26/03/2026
Ignoré un resultado médico y estuve a un paso del cáncer.
Sinceramente, esto no comenzó como un descuido, simplemente me pasaron cosas y pues era la vida pasando.
Siempre me consideré una persona saludable. Me gustaba hacer ejercicio, comer bien, tener equilibrio, meditaba, iba a terapia. Durante mucho tiempo hice crossfit, cuidaba mi alimentación, mi rutina, en pocas palabras me sentía fuerte y saludable. Pero poco a poco, todo empezó a cambiar.

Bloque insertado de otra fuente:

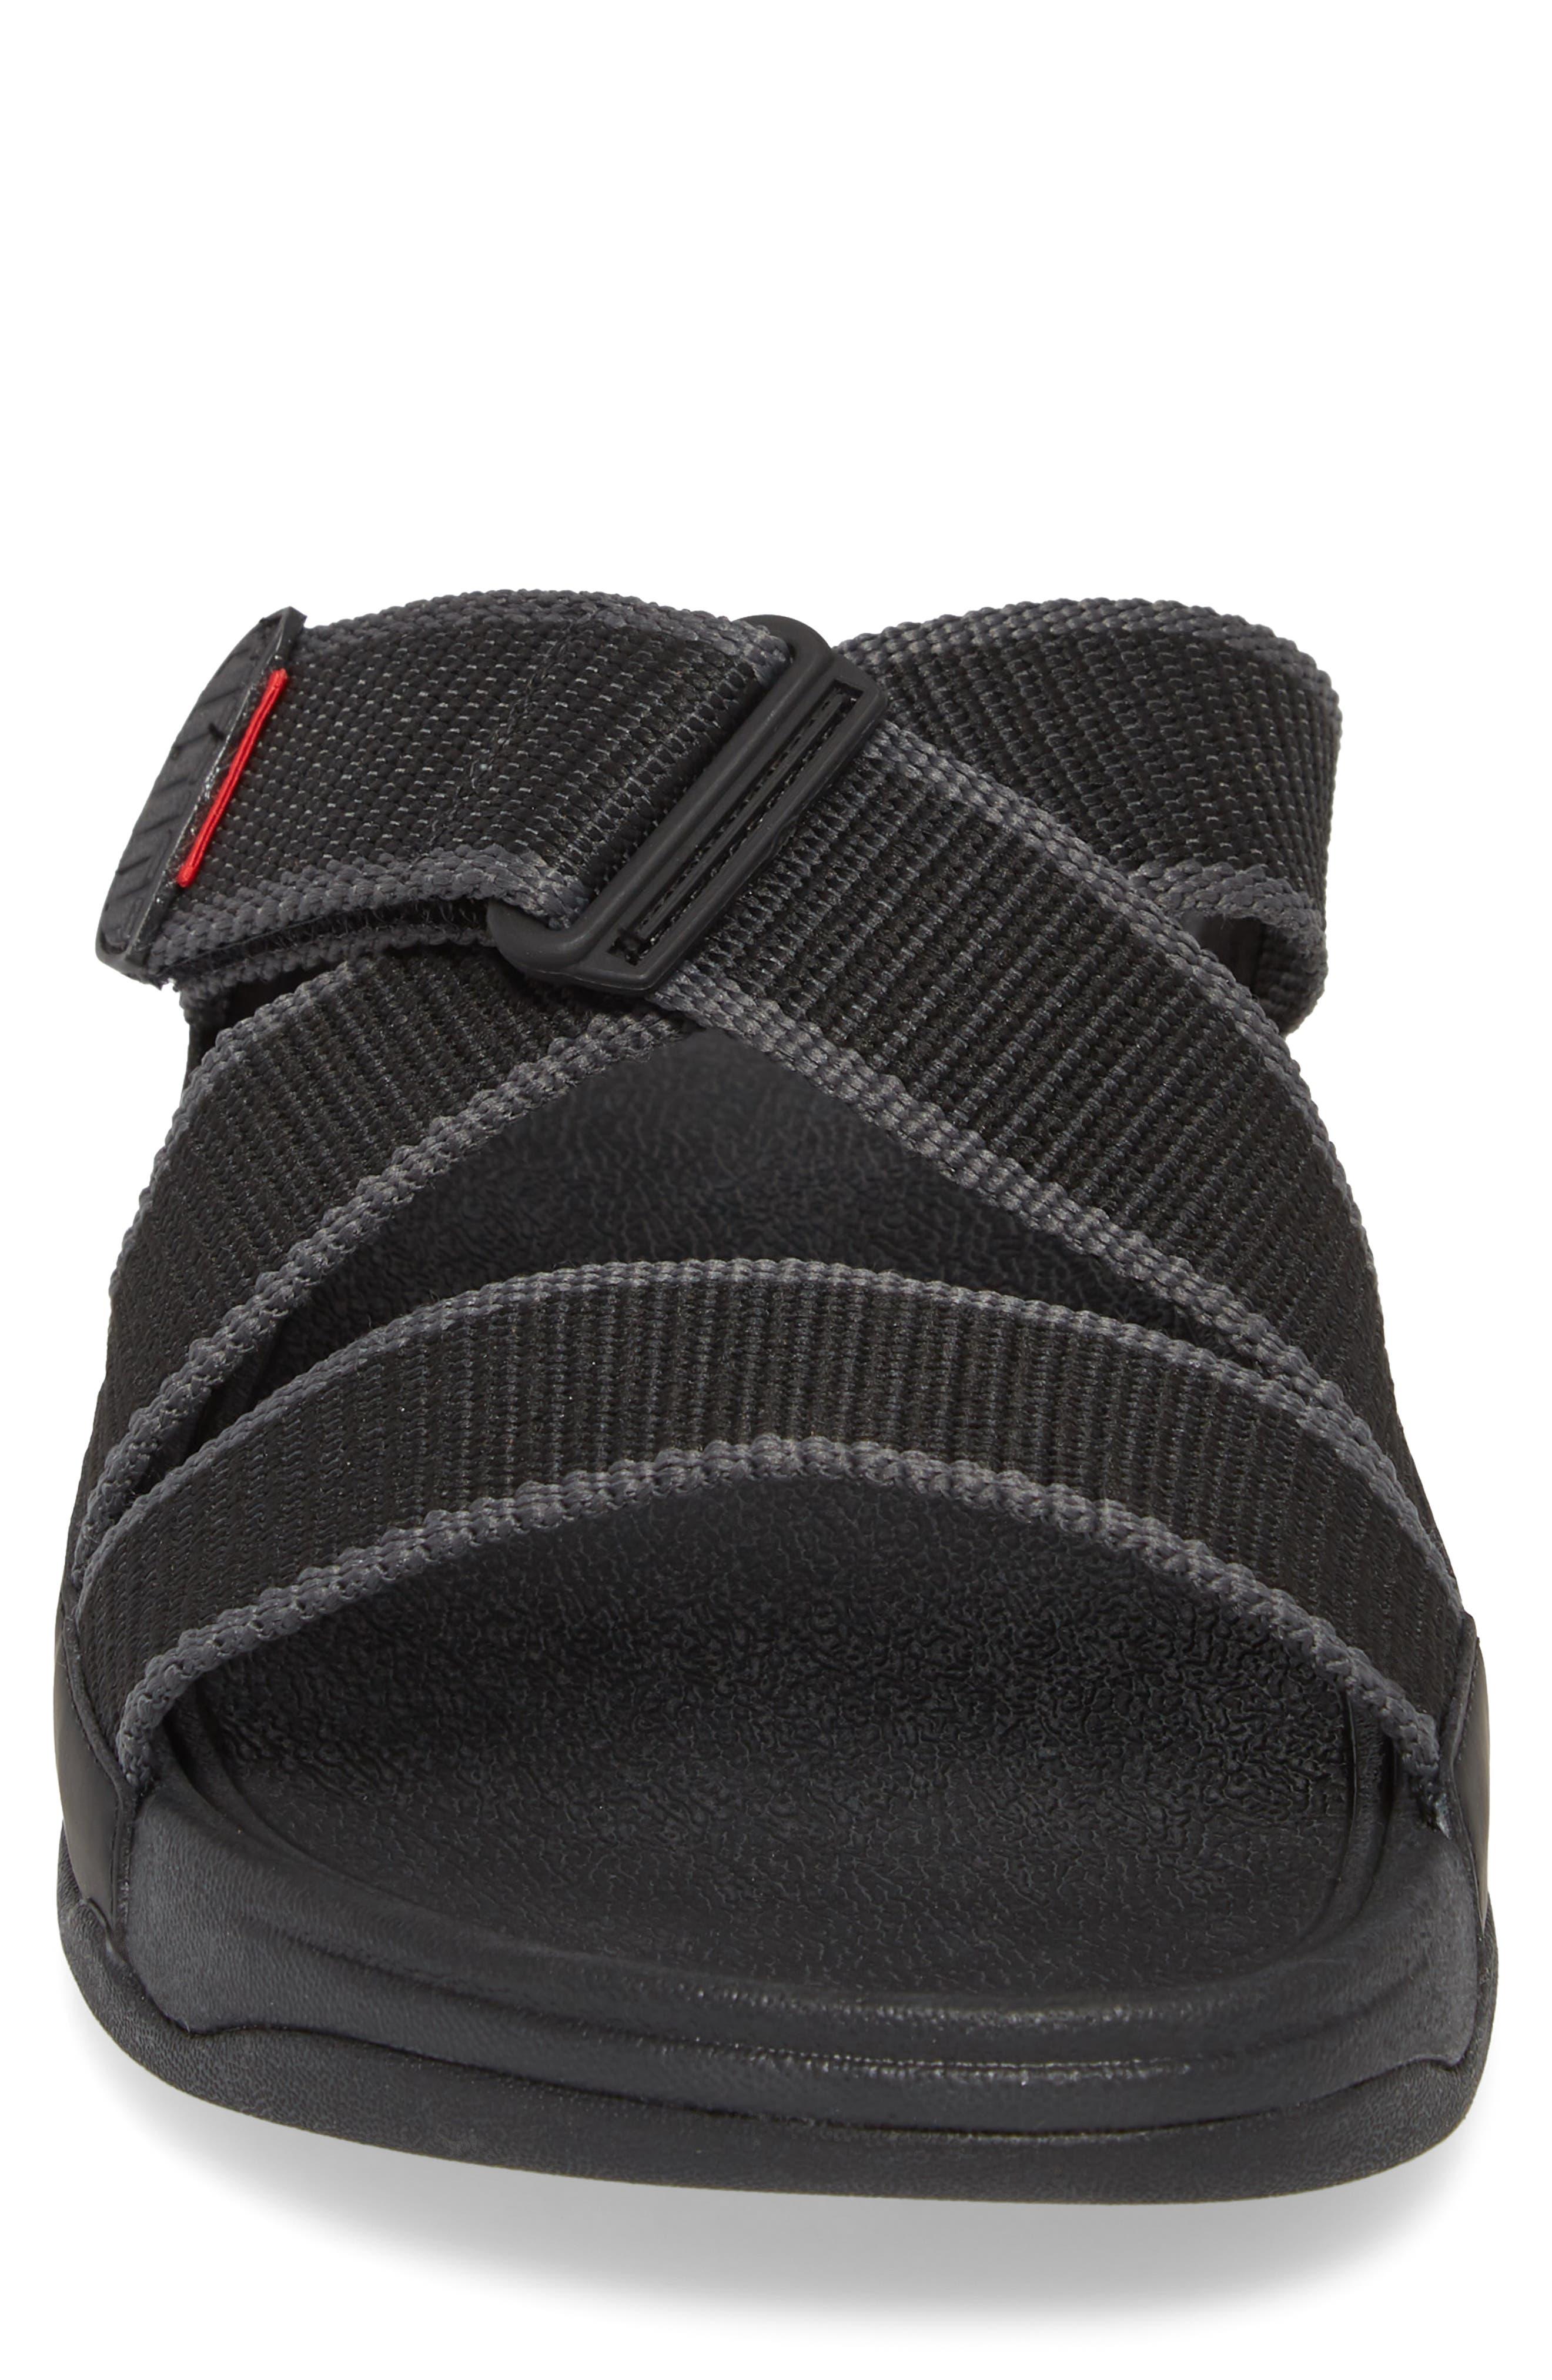 Sling II Slide Sandal,                             Alternate thumbnail 4, color,                             BLACK/ DARK SHADOW

Primero fue el COVID. Me contagié dos veces. No estuve grave, pero mi cuerpo dejó de sentirse igual. Además de las dificultades que esto nos dejó a todos en la cuestión de la economía.
Después vino un embarazo ectópico. Gracias a que escuché a mi cuerpo y atendí algunos síntomas, el Dr. Misael pudo diagnosticarlo muy a tiempo, antes de que se convirtiera en una urgencia, pero el tratamiento fue fuerte. Recibí un medicamento que detiene el crecimiento celular, similar a los que se usan en quimioterapia. Esto no solo fue físico, sino también fue emocional, ya que el mismo día que me estaba enterando que existía un embarazo, estaba enterándome también de que no era viable.
Y luego vino una pérdida muy fuerte en mi vida. Murió mi papá. Él era la cabeza del negocio familiar. Y su ausencia no solo fue emocional, también cambió completamente nuestra dinámica. Tuvimos que hacernos cargo de muchas cosas al mismo tiempo: trámites, responsabilidades del negocio, hablar con clientes sobre lo que había sucedido, resolver temas contables, legales, de todo.
Cambió la economía, la estabilidad, cambió todo. Y todo eso mientras intentábamos procesar el duelo, para lo cual realmente no había tiempo. Entré en un modo completamente reactivo.
Y en ese proceso, me perdí. Dejé de dormir bien, de comer bien, incluso creo que pasé días completamente inapetente. Dejé de hacer ejercicio y sobre todo, dejé de hacer cosas que me gustaban. Tardé mucho en aceptar algo que estaba sucediendo, porque yo consideraba que era suficientemente fuerte para sobrellevar todo, hasta que tuve que aceptar que entré en depresión.
Y mi economía tampoco estaba en su mejor momento. No siempre tenía la facilidad de decir voy a hacerme estudios o voy a ir al doctor. Y sé que no soy la única mujer que ha estado ahí.
En medio de todo eso, durante una promoción de descuento me hice un Papanicolaou.
El resultado fue: ASCUS (células anormales de significado indeterminado). El Dr. Misael me explicó que era necesario darle seguimiento y repetir el estudio. Incluso, estuvo pendiente después de la consulta, enviándome mensajes para recordarme la importancia de revisarlo nuevamente. Pero no lo hice. No es no me importara o que estuviera siendo irresponsable, sino porque en ese momento yo solo estaba intentando sobrevivir.
Pasaron dos años. Dos años. Cuando finalmente regresé a revisarme, el resultado fue:
NIC 3 — lesión de alto grado.
Recuerdo perfectamente ese momento. Sin alarmarme, el doctor me dijo algo que no se me olvida: “Es un paso antes del cáncer.” Y ahí entendí que ya no podía seguir postergándome.
Me realizaron una cono-biopsia para retirar la zona afectada y afortunadamente la cirugía fue exitosa, pero el proceso no terminó ahí. Tenía que entrar en un esquema de vigilancia estricta durante al menos 3 años. Y entonces empezó otra parte del camino. No se trataba solo de seguimiento médico, sino de una reconstrucción completa, porque no puedes sanar tu cuerpo si estás completamente rota por dentro.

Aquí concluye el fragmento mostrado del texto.